EXERCISE BRIEF:
Exactly as written, print every line of the listing below and omit its pictures.

DATA BELOW:
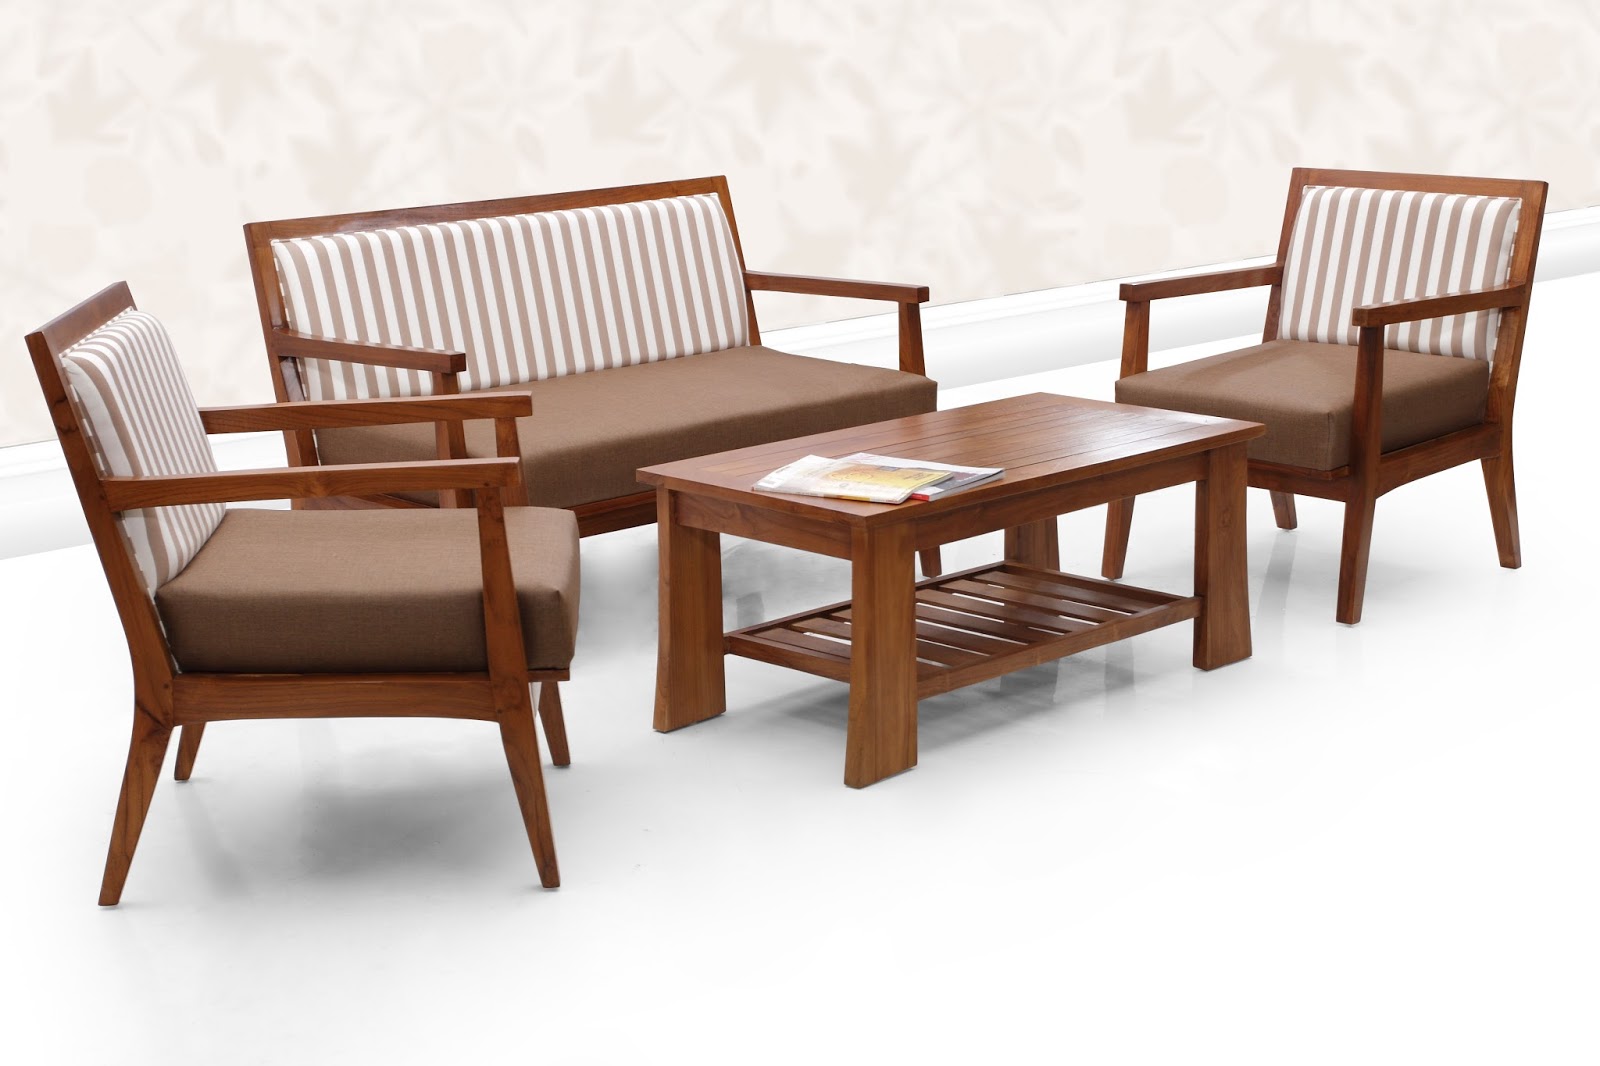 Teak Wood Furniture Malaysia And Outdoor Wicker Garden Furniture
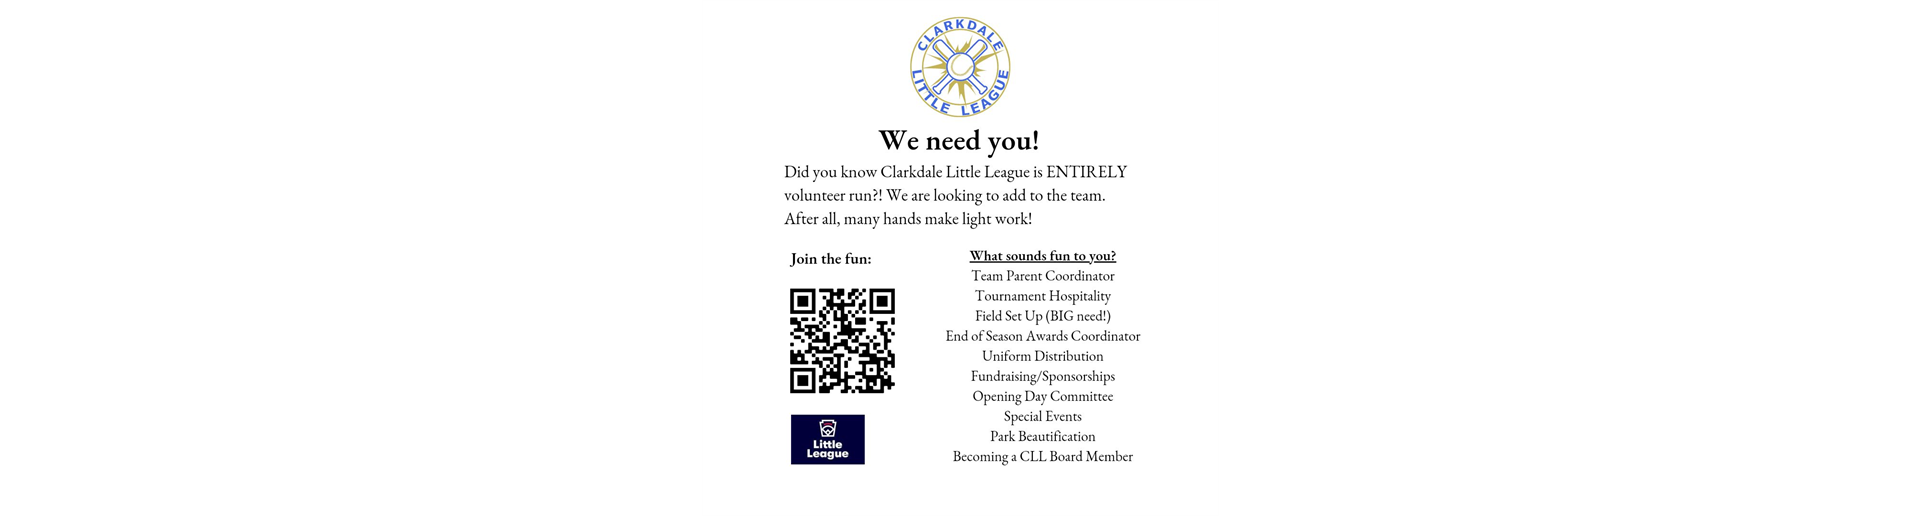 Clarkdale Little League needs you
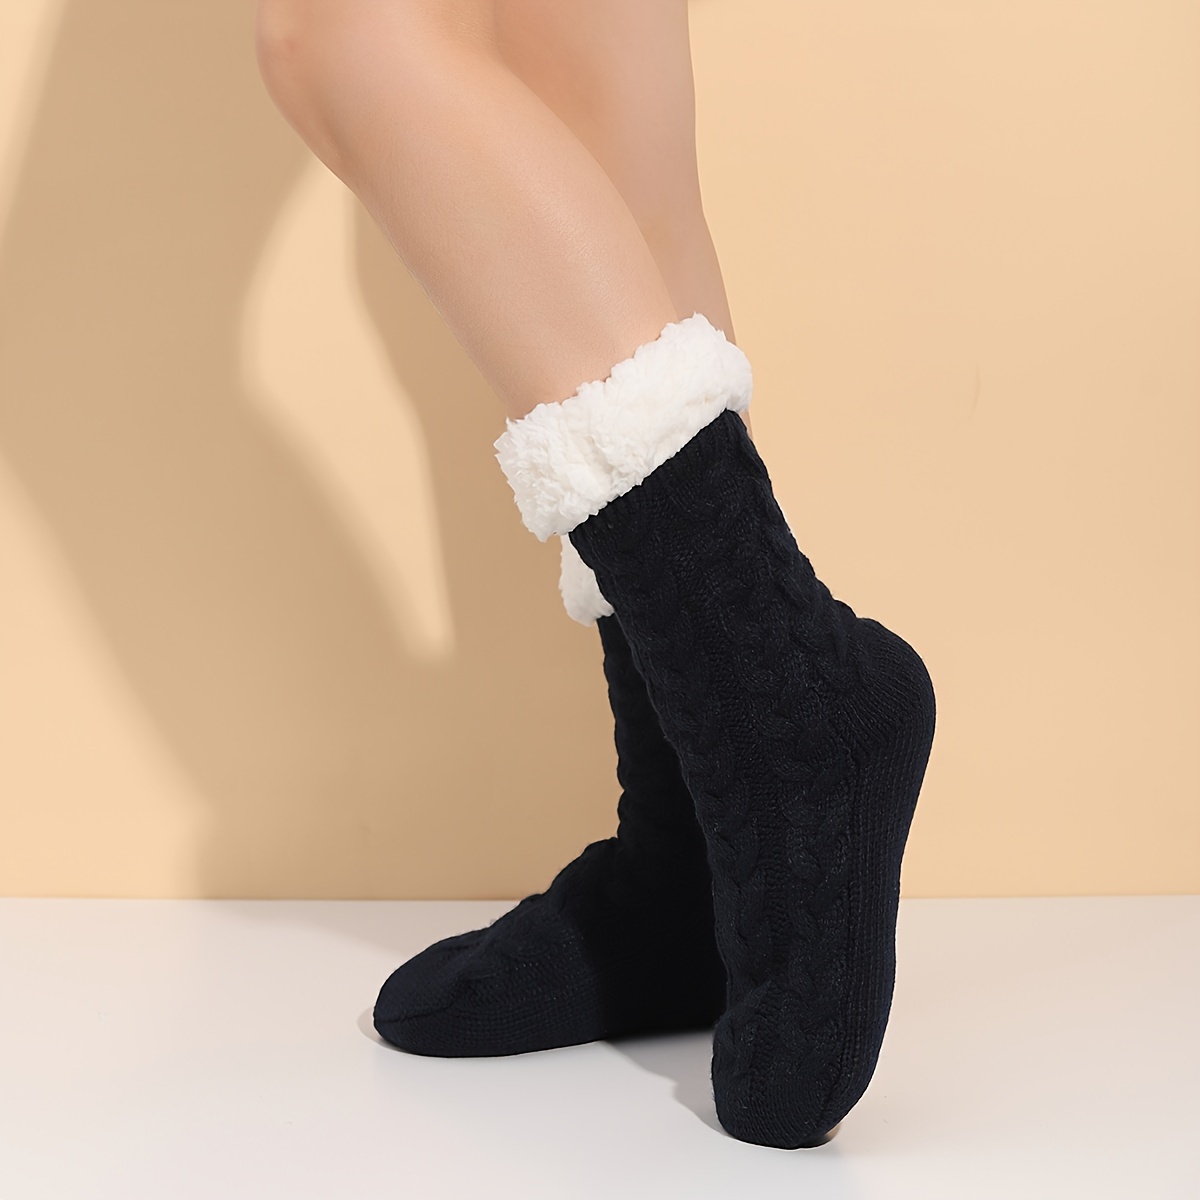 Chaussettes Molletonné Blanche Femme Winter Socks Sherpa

FINISHED TASK:
 Teak Wood Furniture Malaysia And Outdoor Wicker Garden Furniture
 Clarkdale Little League needs you
 Chaussettes Molletonné Blanche Femme Winter Socks Sherpa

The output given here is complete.